There are several limitations to our study. First, the rate of fluoroquinolone resistance is presently too low to draw significant epidemiological conclusions. This is reflected by the small number of isolates available for evaluation, although their geographic origins are diverse. Second, BOX-PCR was used to select isolates that were clonally related so that these clones could undergo more stringent analysis by MLST. As a result, MLST, a very technically demanding, time-consuming, and expensive procedure, was not performed on all 32 isolates but was restricted to those 10 isolates initially selected because of clonal relatedness on the basis of visual inspection of BOX-PCR band patterns. The use of PFGE analysis to determine clonal relationships and the use of GelCompar II software were therefore highly valuable for this study.

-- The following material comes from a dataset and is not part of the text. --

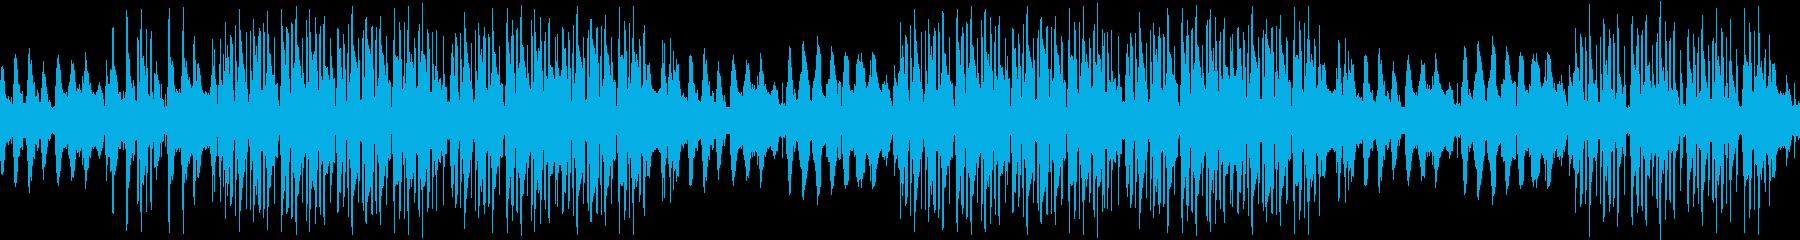 ギター・葛藤・不安・動揺・夜・ループの再生済みの波形

Mere documentation of fluoroquinolone resistance in widely disseminated international clones does not infer that these clones are now the vehicle for spreading these organisms throughout North America. However, the existence of LNSP related to international clones underscores the potential for fluoroquinolone resistance to occur and disseminate in a mode that is distinct from independent mutational events, provided that organisms containing these resistance genes have the same capacity for colonization and clonal spread. The appearance of fluoroquinolone resistance in international clones stresses the need for continued epidemiological studies. Finally, no clinical information is available for the isolates that were obtained mainly from surveillance studies, so it is not possible to assess directly the clinical significance of these bacterial isolates in the persons from which they were originally derived.